4場所ぶりに土俵復帰を果たした元幕内千代の国が今場所は幕下四十六枚目で4戦全勝とストレートで勝ち越しを決めた。前頭十五枚目だった今年初場所で左膝複合靭帯損傷という重傷を負い、手術、リハビリ等で半年以上も土俵から離れていた。
これまでも何度もケガに泣かされながら、そのたびに不屈の闘志で這い上がってきた。入門当初から両肩の脱臼癖に悩まされていたが、左肩の手術を行ってからは順調に出世。平成24年(2012年)初場所で新入幕を果たした。しかし、この場所から右肩の脱臼を繰り返し、3場所連続の休場で番付は十両下位まで降下。復帰場所で十両優勝したのを皮切りに再入幕を果たすが、その後も左太もも二頭筋損傷、右踵骨骨挫傷、右踵骨骨折とケガが相次ぎ、十両十三枚目で迎えた平成26年(2014年)秋場所では両膝の半月板を損傷。新十両から連続20場所務めた関取の座を明け渡すことになった。
3場所連続休場で番付は三段目まで落ちたが三段目と十両で優勝するなど、順調に復活の階段を駆け上がり、平成28年(2016年)名古屋場所で13場所ぶりに幕内復帰。
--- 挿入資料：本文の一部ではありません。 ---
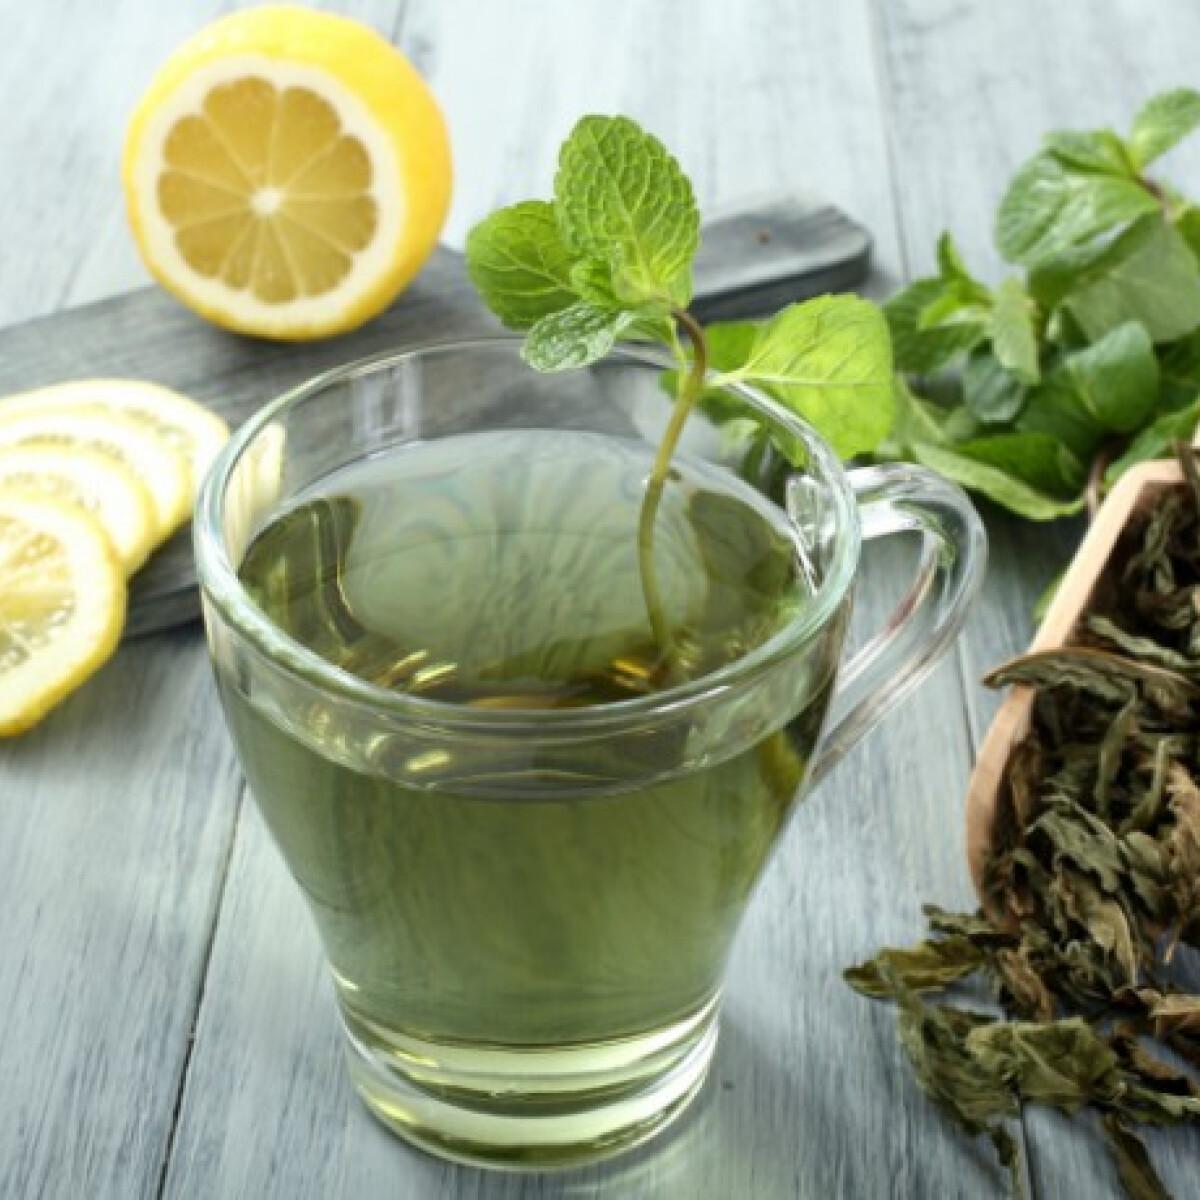 hogyan segíthet a tea a fogyásban

三段目からの再入幕は史上3人目だった。しばらくは幕内に定着し、平成29年(2017年)夏場所には前頭筆頭に台頭。初金星も獲得したが大きく負け越し。それでも前頭十一枚目で迎えた平成30年(2018年)夏場所は12勝で自身初の三賞となる敢闘賞を受賞し、再び三役目前まで躍進したがここでも左肘を負傷し、その後は精彩を欠いて再び平幕下位へ。九日目に早々と勝ち越しを決めたものの前述した左膝の重傷で長期休場を強いられた。
躍動感溢れる相撲ぶりと最後の最後まで決して諦めない粘り強さが、かえってケガを誘発させてしまった面は否めないだろう。それでも腐ることなく地道な努力を重ねてファン前に帰ってきた。今場所は地力的には格下相手ということもあり、基本に忠実な突き押しに徹しているために危ない場面はないが、こういう相撲が続けば悪夢はもう繰り返されることはないだろう。